Bug 2010083

Summary: Service - Type: Load Balancer swaps subnets causing network outage
Product: OpenShift Container Platform Reporter: David <dsquirre>
Component: Cloud ComputeAssignee: Joel Speed <jspeed>
Cloud Compute sub component: Cloud Controller Manager QA Contact: sunzhaohua <zhsun>
Status: CLOSED INSUFFICIENT_DATA Docs Contact:
Severity: medium    
Priority: unspecified CC: aos-bugs
Version: 4.7   
Target Milestone: ---   
Target Release: ---   
Hardware: Unspecified   
OS: Unspecified   
Whiteboard:
Fixed In Version: Doc Type: If docs needed, set a value
Doc Text:
Story Points: ---
Clone Of: Environment:
Last Closed: 2021-11-26 17:23:51 UTC Type: Bug
Regression: --- Mount Type: ---
Documentation: --- CRM:
Verified Versions: Category: ---
oVirt Team: --- RHEL 7.3 requirements from Atomic Host:
Cloudforms Team: --- Target Upstream Version:
Embargoed:
Attachments:
Description Flags
Cloud Trail Logs none

Description David 2021-10-03 15:18:36 UTC
Created attachment 1828622 [details]
Cloud Trail Logs

Description of problem:
The customer has a ServiceMesh-Service of type  Load Balancer.  This service looses connectivity intermittently.  

The customer uses the AWS console to resolve the issue by swapping the subnet attached to the AWS ELSB back to the expected value.

This appears as bug, but could just be a misconfiguration between AWS and OCP.

This appears to have similar symptoms to Bug 1978396
---
Cu deployed OCP 4.7 on AWS (UPI) and was notified by thier AWS rep that OCP tried to delete all three target groups from the loadbalancer (classic) that is in front of the OCP ingress controller (and AWS logs show OCP issuing DetachLoadBalancerFromSubnets), but AWS code prevents the last target group from being removed.   However the removal of two target groups impacted Cu's cluster and it was inaccessible since both router pods could not be reached for authentication.
---

Note: While I don't have it documented our SRE engineers did mention
---
When I look at the CloudTrail events for one of those users, ie. "i-04ac58167e03a223a", I see it trying to change other load balancers as well. Like, for instance, trying to detach all subnets from load balancer aeefd93635a194b9a9a160cf67e3edea  (and getting an error, because AWS doesn't allow this).
---
Which is similar to the what is noted in the other bug.  But in this case AWS is blocking it.

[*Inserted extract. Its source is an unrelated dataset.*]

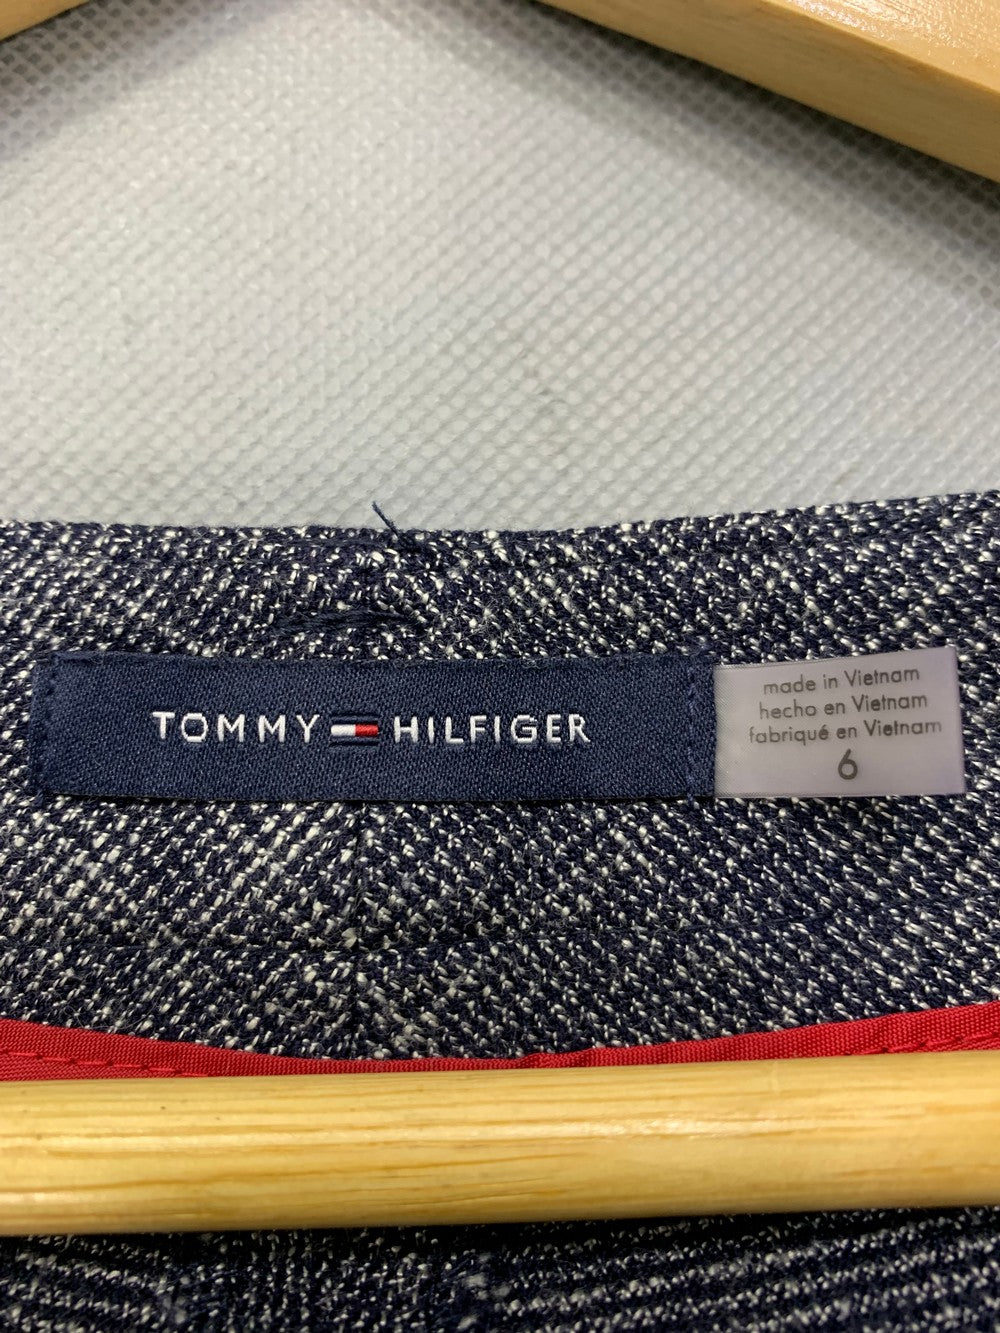 Tommy Hilfiger Branded Original Cotton For Women Pant

Version-Release number of selected component (if applicable):
OCPv4.7.30

How reproducible:
Not reproducible on a test cluster yet, and is intermittent on the customers cluster.  Although on initial review it looks like issue is triggered by a change to the deployment/replica set

Steps to Reproduce:
1.
2.
3.

Actual results:
Once the issue is triggered, the subnet associated with a particular AWS ELB is swapped by a service account which causes a network outage

Expected results:
Triggering events should not change the AWS ELB subnets.

Additional info:
Looking through cloud trails (attached) we can see a number of potential service accounts making changes to the ELB just prior to the ELB subnet changing to a subnet that causes network issues.  This event is then followed by an AWS account holder flipping the subnet back to the correct subnet.  This can be seen in the attached cloudtrails log

Some of these network events appear to be associated with changes to the deployment/replicaset
---
$ oc get replicasets -n istio-system -o jsonpath='{range .items[*]}{@.metadata.creationTimestamp}{" "}{@.metadata.name}{" "}{"\n"}{end}' | column -t | grep "private-ingressgateway" | sort -rd
2021-09-20T17:46:47Z  private-ingressgateway-5666c9cfc7
2021-09-03T03:49:01Z  private-ingressgateway-7dfc88c876
2021-08-19T17:04:13Z  private-ingressgateway-69b9bb9c74
...
---
These dates match up to events made by a service account in cloud rails.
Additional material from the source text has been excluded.